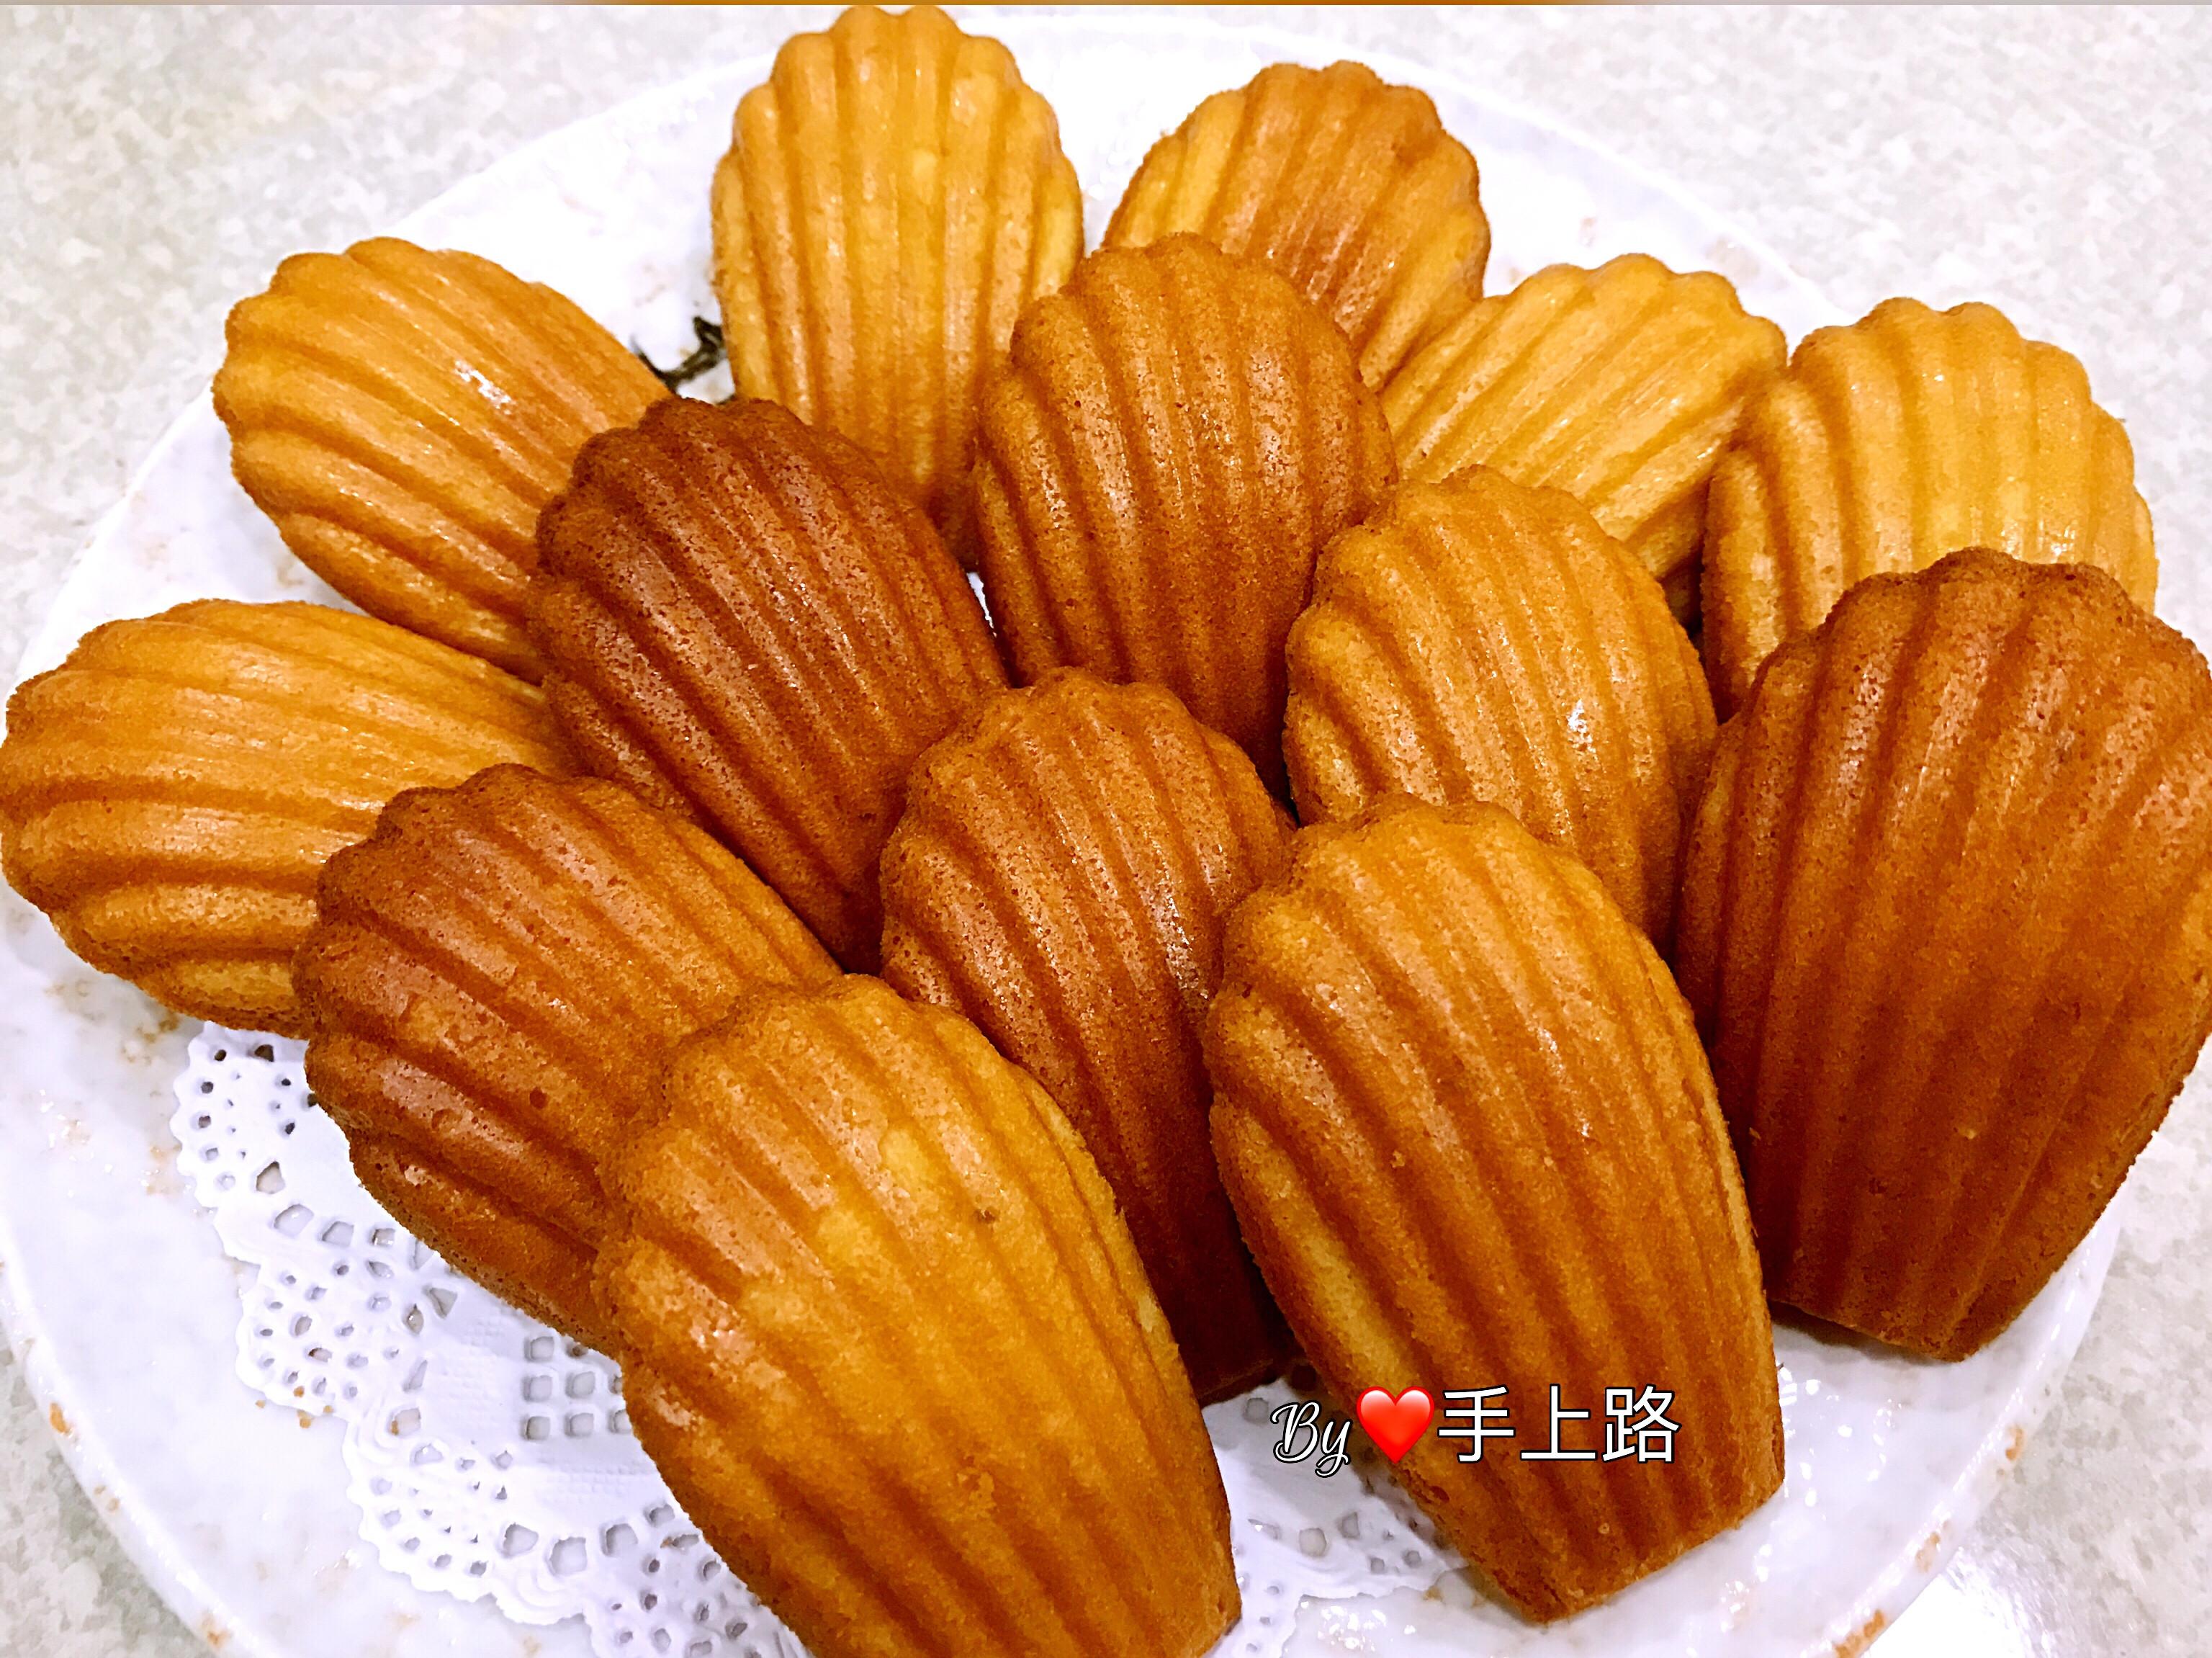 低熱量椰子油版《檸檬瑪德蓮蛋糕》
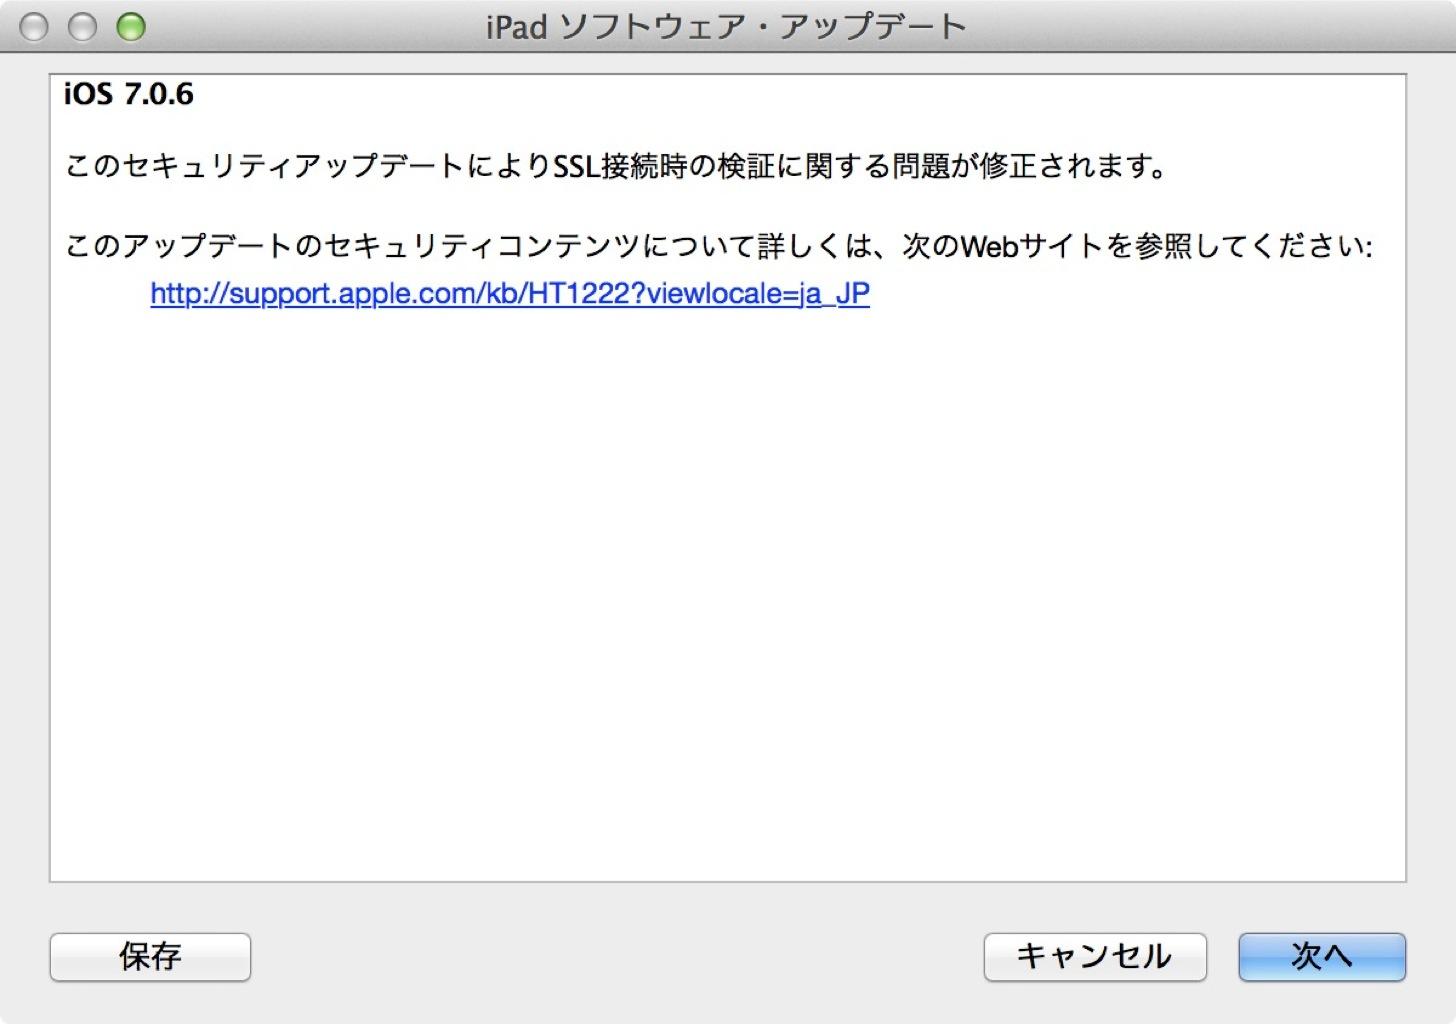 iOS7.0.6
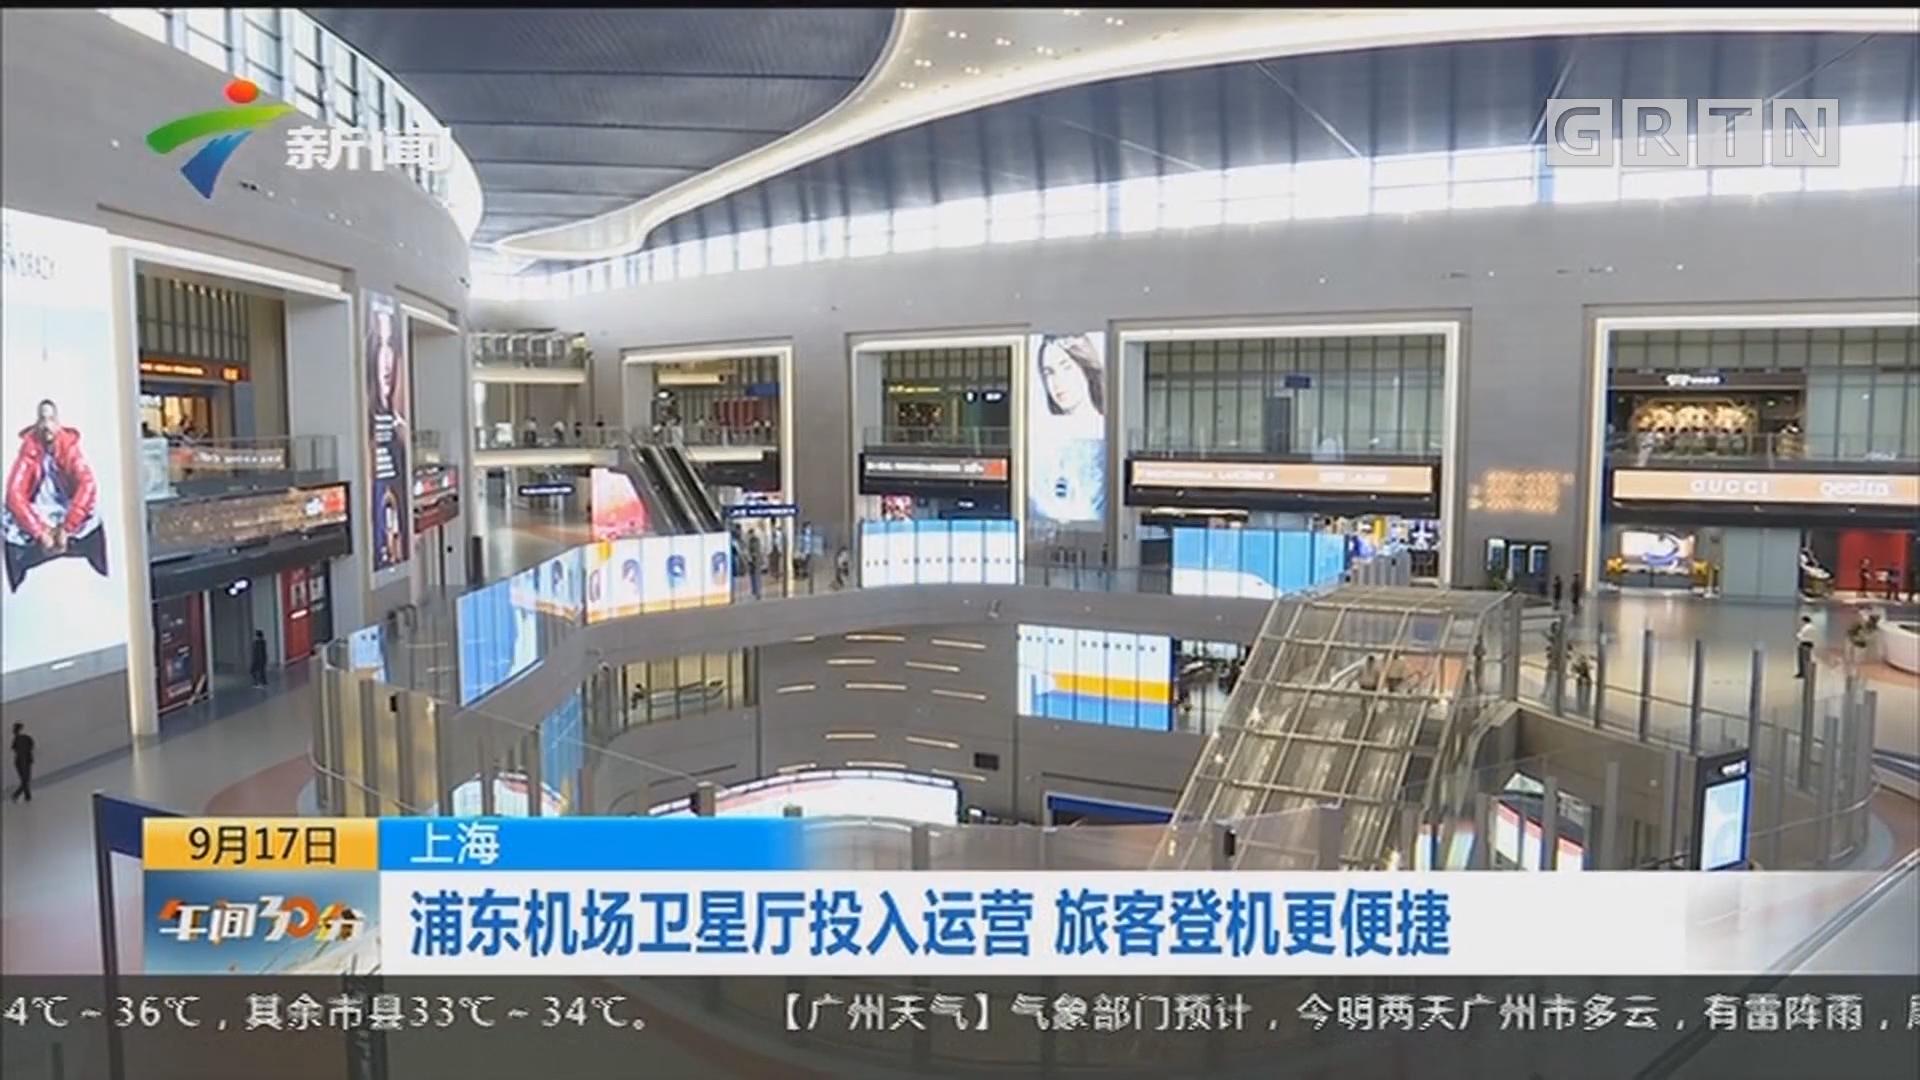 上海:浦东机场卫星厅投入运营 旅客登机更便捷
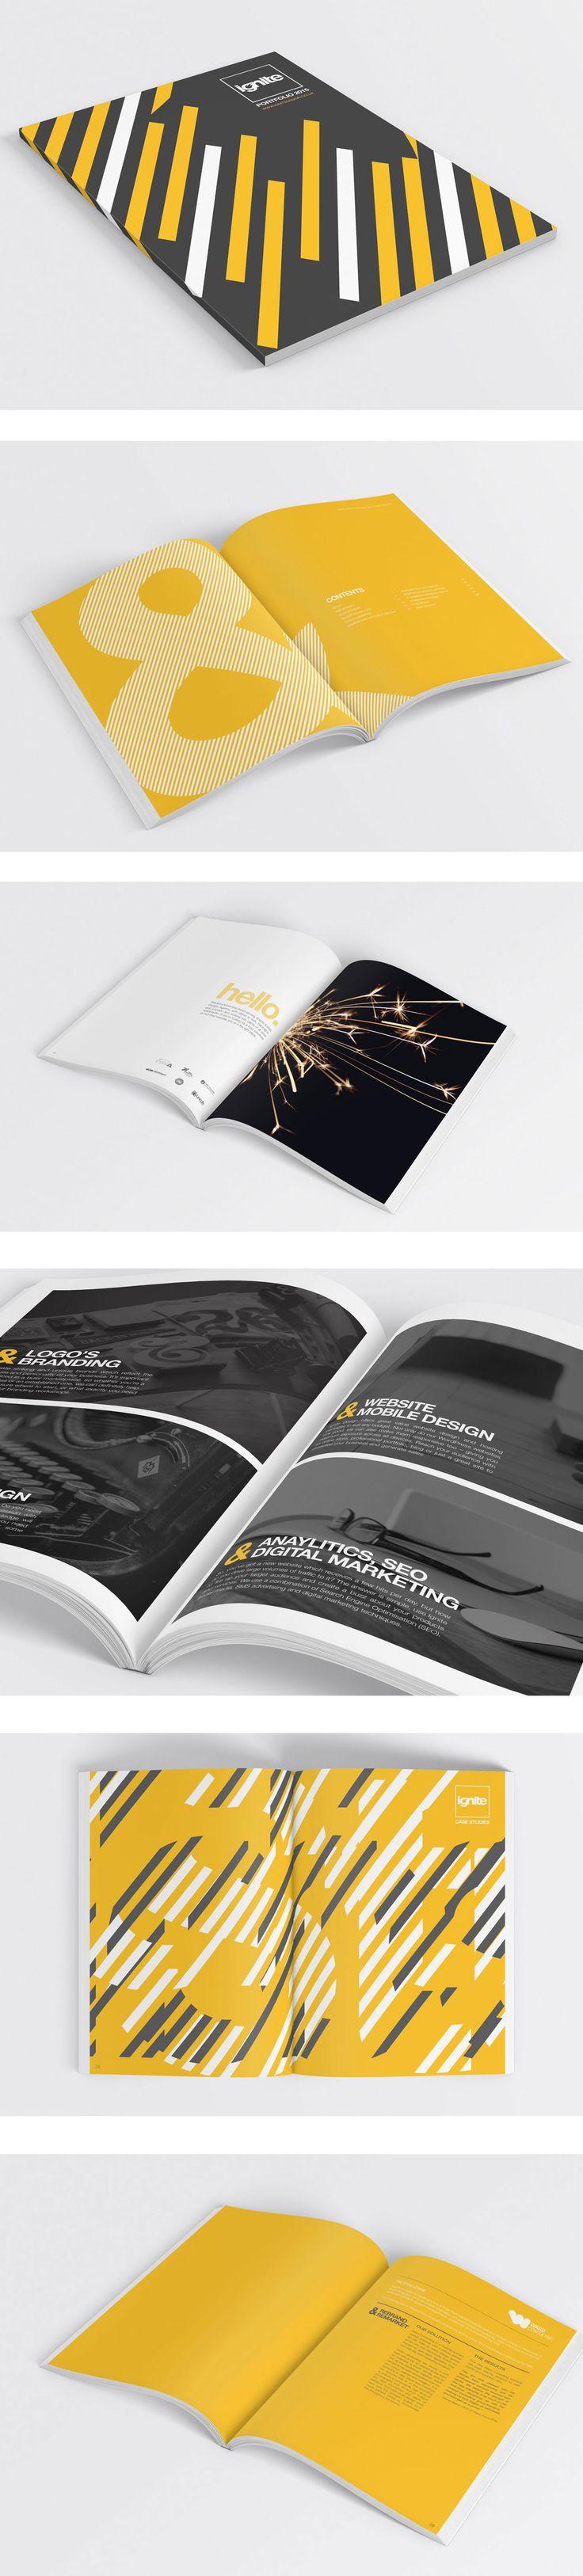 57 best Resume Design images on Pinterest | Design resume, Editorial ...
-.-.-
§ What is needed:
Return exactly the lines starting at the line with "上海:浦东机场卫星厅投入运营 旅客登机更便捷" and ending at the last line of the listing, both ends included; pictures are to be left out.

§ Output of the task:
 上海:浦东机场卫星厅投入运营 旅客登机更便捷
 57 best Resume Design images on Pinterest | Design resume, Editorial ...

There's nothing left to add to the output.